29-10-2015, 23:41
Sharp skinął głową niezauważalnie, zadowolony ze sposobu w jaki Blue zdecydowała się poprowadzić sytuację. Docinek o przeklinaniu przy dzieciach mogła sobie co prawda w opinii ogiera darować, no ale sądząc po minie Light, trójnoga jeszcze nie zdecydowała czy czuć się uwagą urażona, zawstydzona czy rozśmieszona, choć zdecydowanie przeważały dwa ostatnie.
Iron wciąż wyglądała na średnio zadowoloną z rozwoju sytuacji, ale po mruknięciu czegoś niezrozumiałego pod nosem wyszło na to, iż klacz kucyka ziemnego nie ma zamiaru uczestniczyć w dalszej dyskusji.

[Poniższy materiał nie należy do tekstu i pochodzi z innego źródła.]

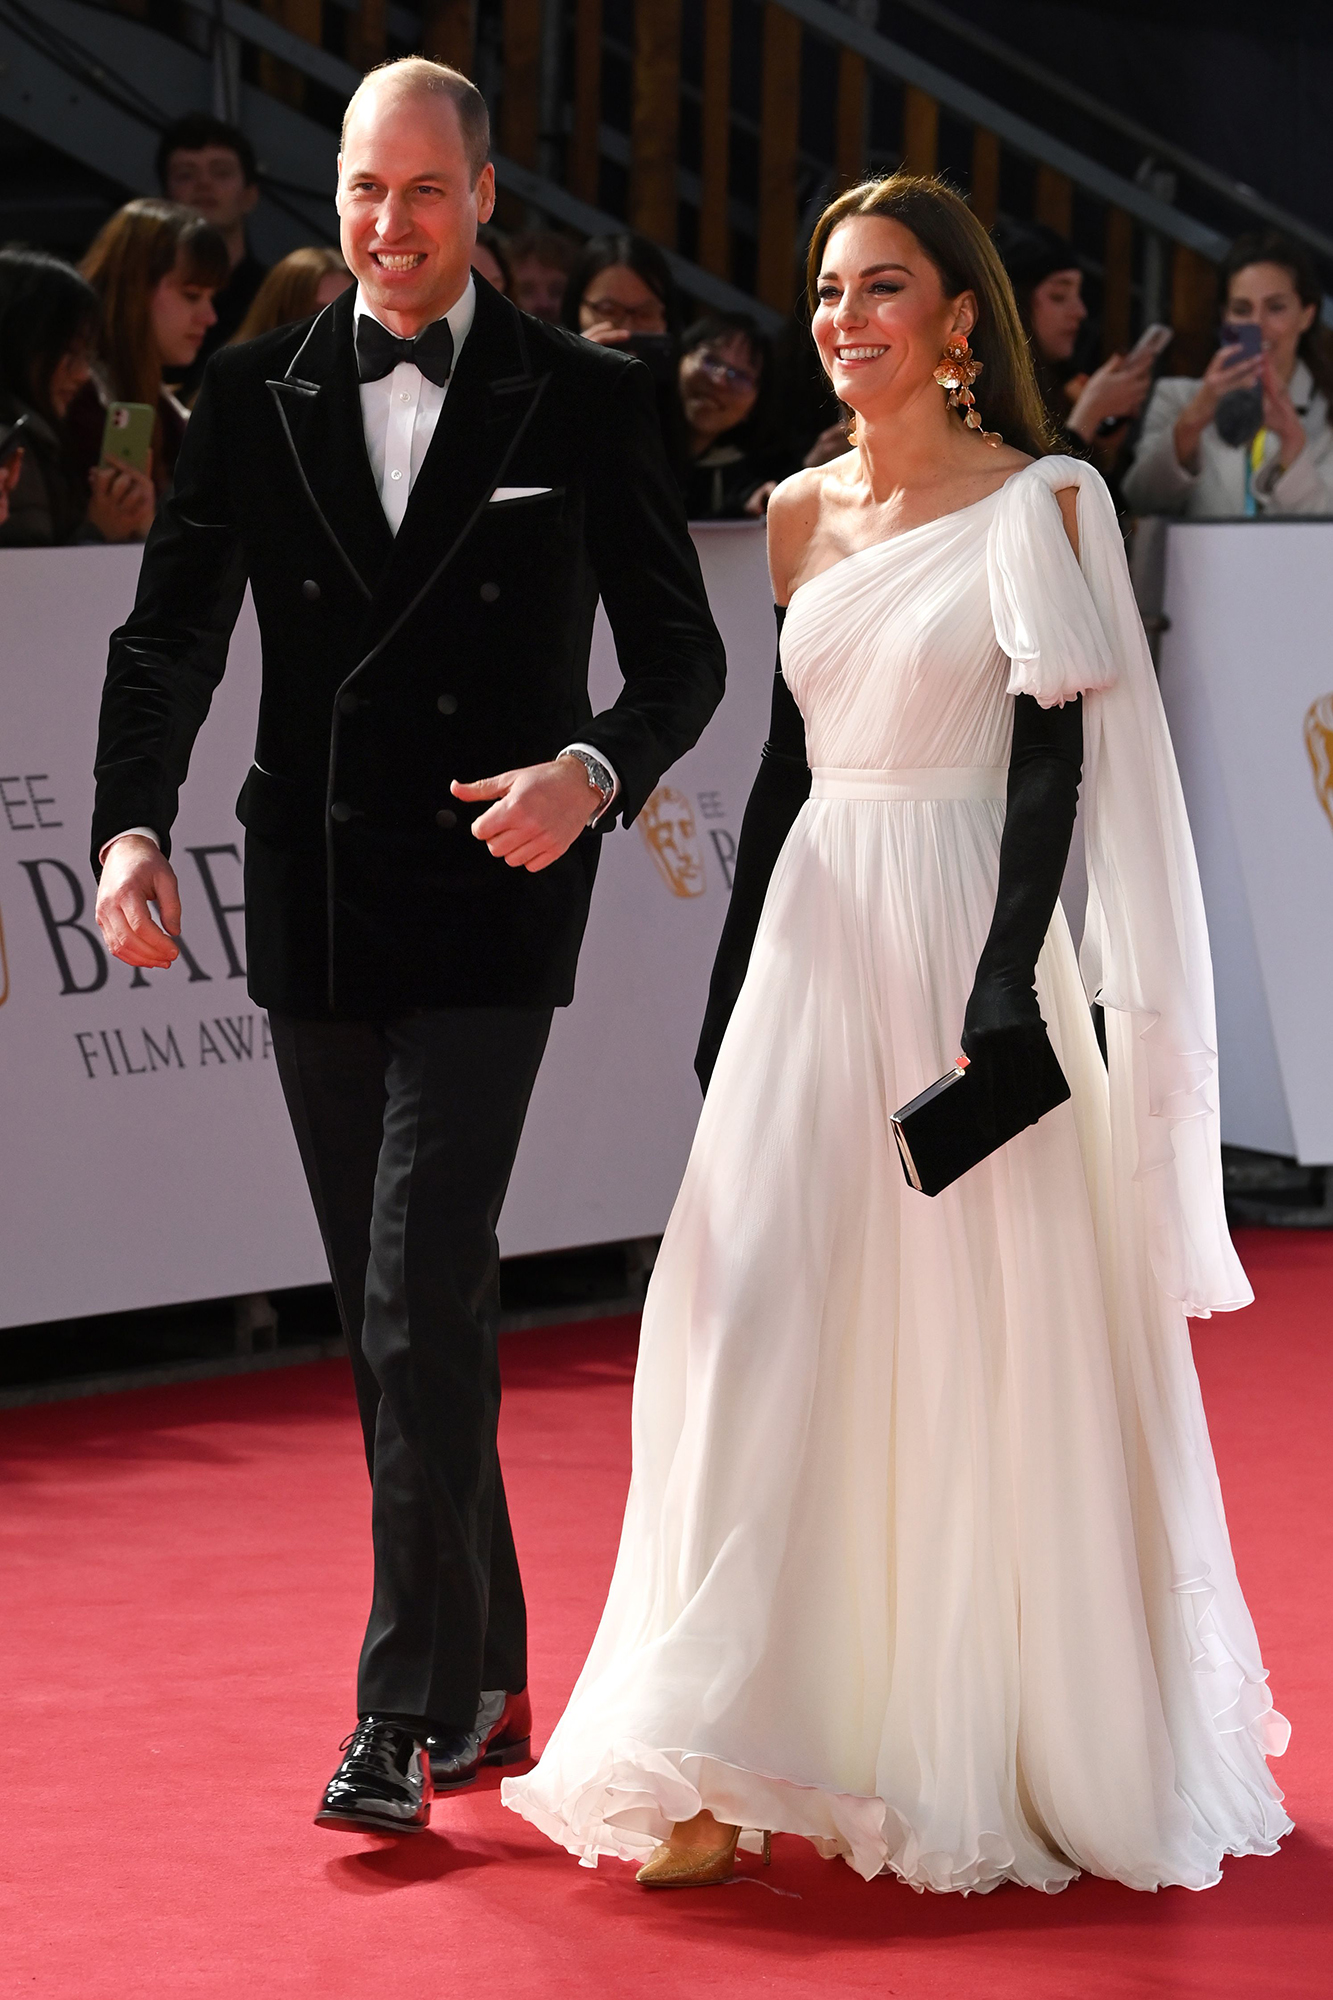 Kate Middleton stuns with dramatic white dress and black gloves at BAFTAs  ceremony - Irish Mirror Online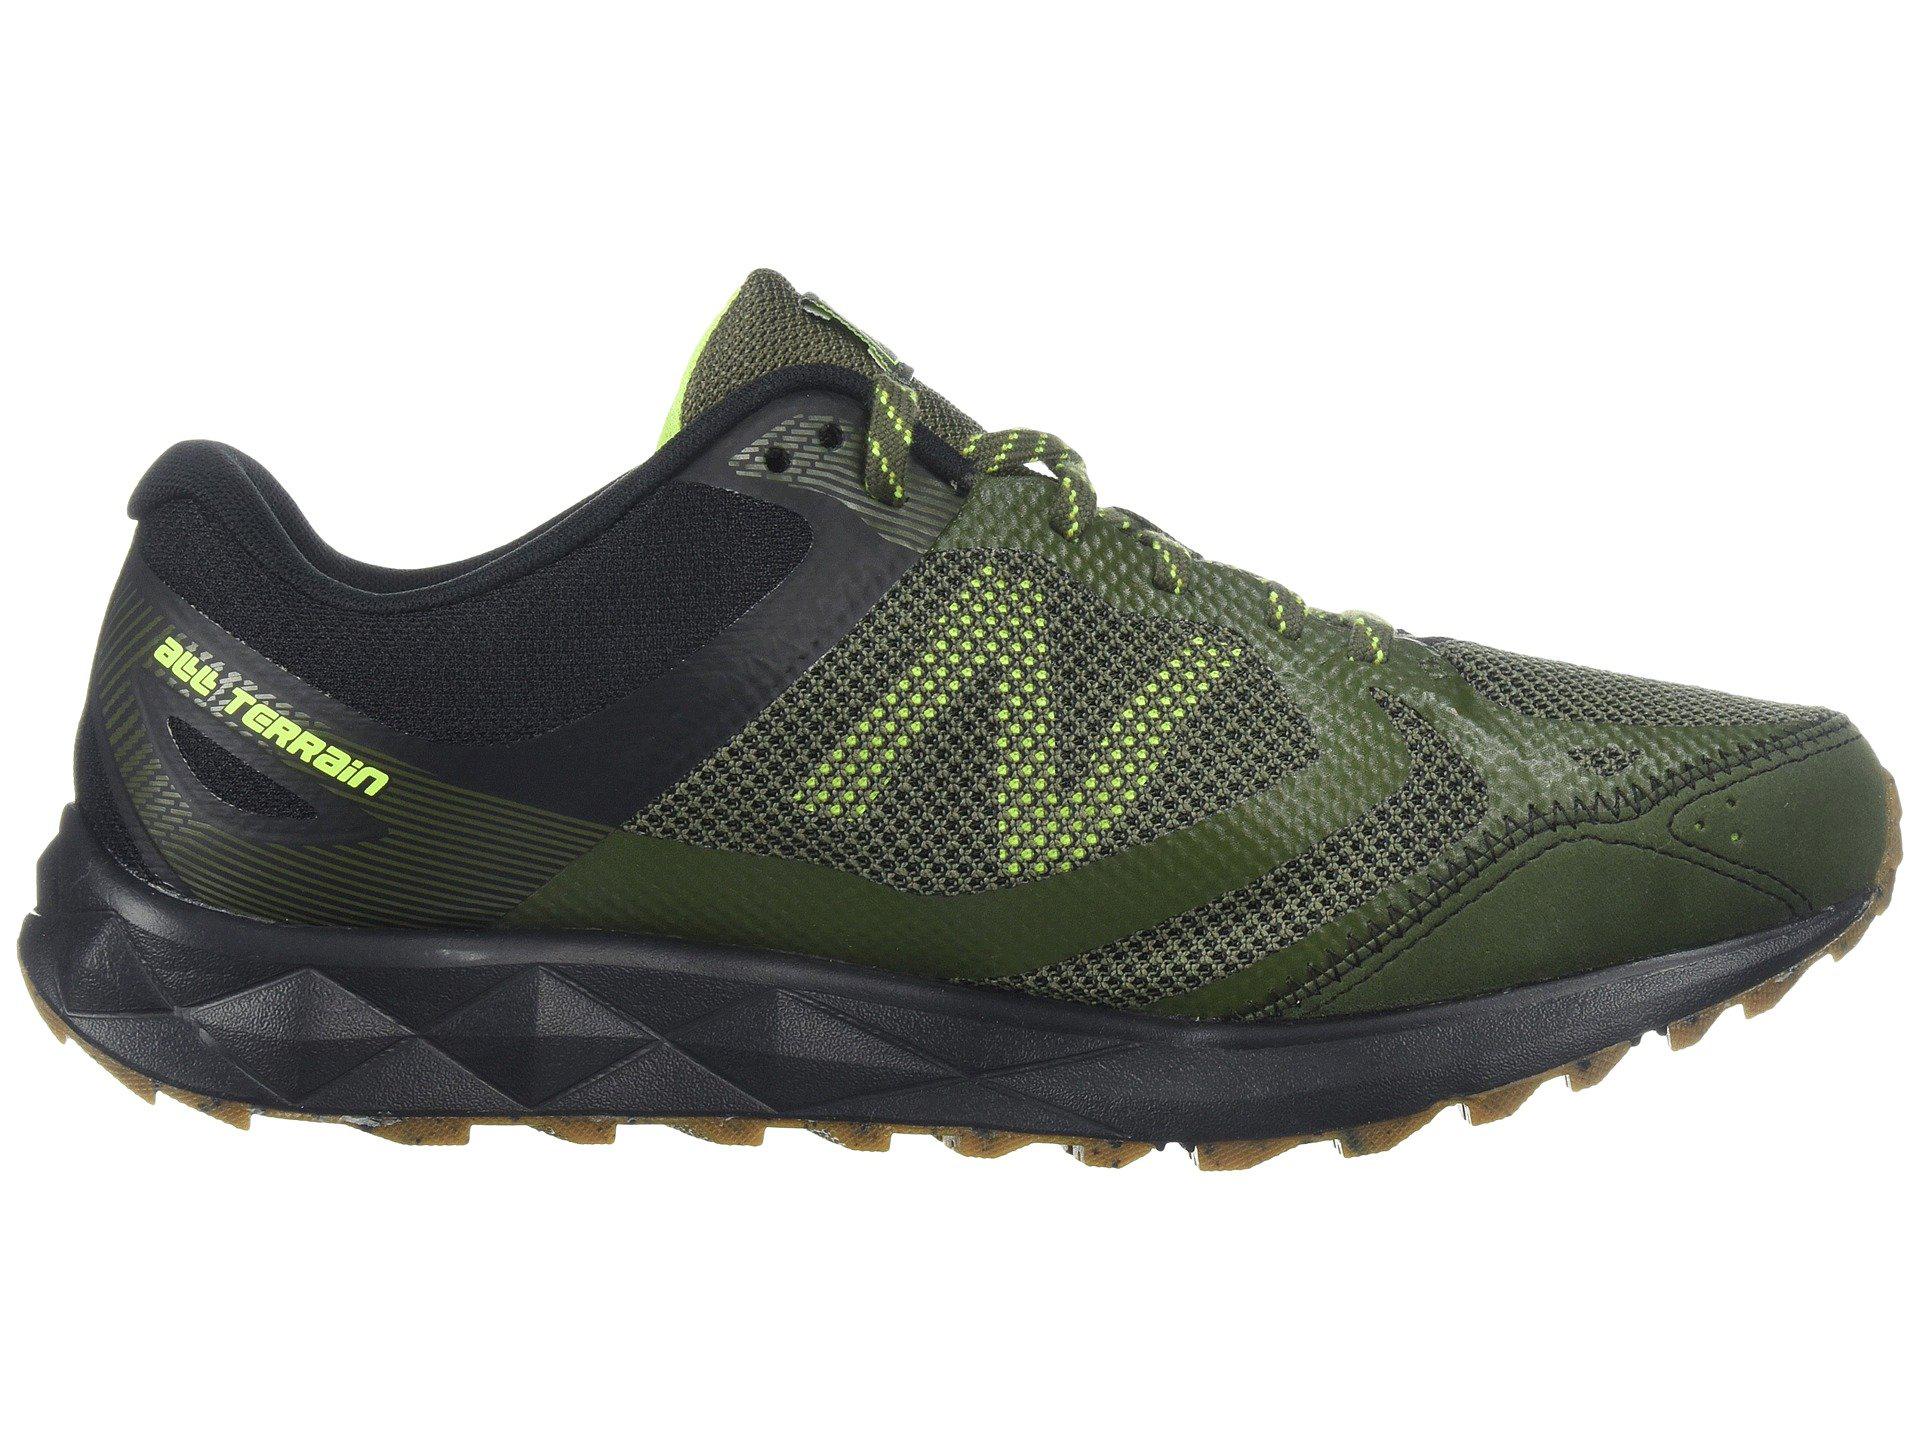 New Balance Synthetic 590v2 Trail Running Shoes in Green/Black (Green) for  Men - Lyst

Gdy niebieska odwróciła się do White, ta spojrzała na nią nieprzytomnym wzrokiem, dopiero po chwili zdając się załapać, że chodzi o coś związanego z jej PipBuckiem. Zkacowany kuc średnio był w stanie brać udział w dyskusji, pozostawała więc jedynie stroną bierną. Nie zmieniało to w żaden sposób stanu rzeczy; Blue faktycznie powinna móc bezproblemowo nadawać na to małe cholerstwo na kopycie młodszej klaczy. A przynajmniej tak Sharpowi się zdawało. Medyk zerknał nieprzychylnie na podobne ustrojstwo znajdujące się na jego własnej nodze. Jeśli wydostaną się z tego burdelu będzie musiał poważnie przysiąść i nauczyć się jak to działa. Ogier pokręcił lekko nosem z niezadowoleniem i zwrócił swoją uwagę z powrotem ku rozwojowi sytuacji na około.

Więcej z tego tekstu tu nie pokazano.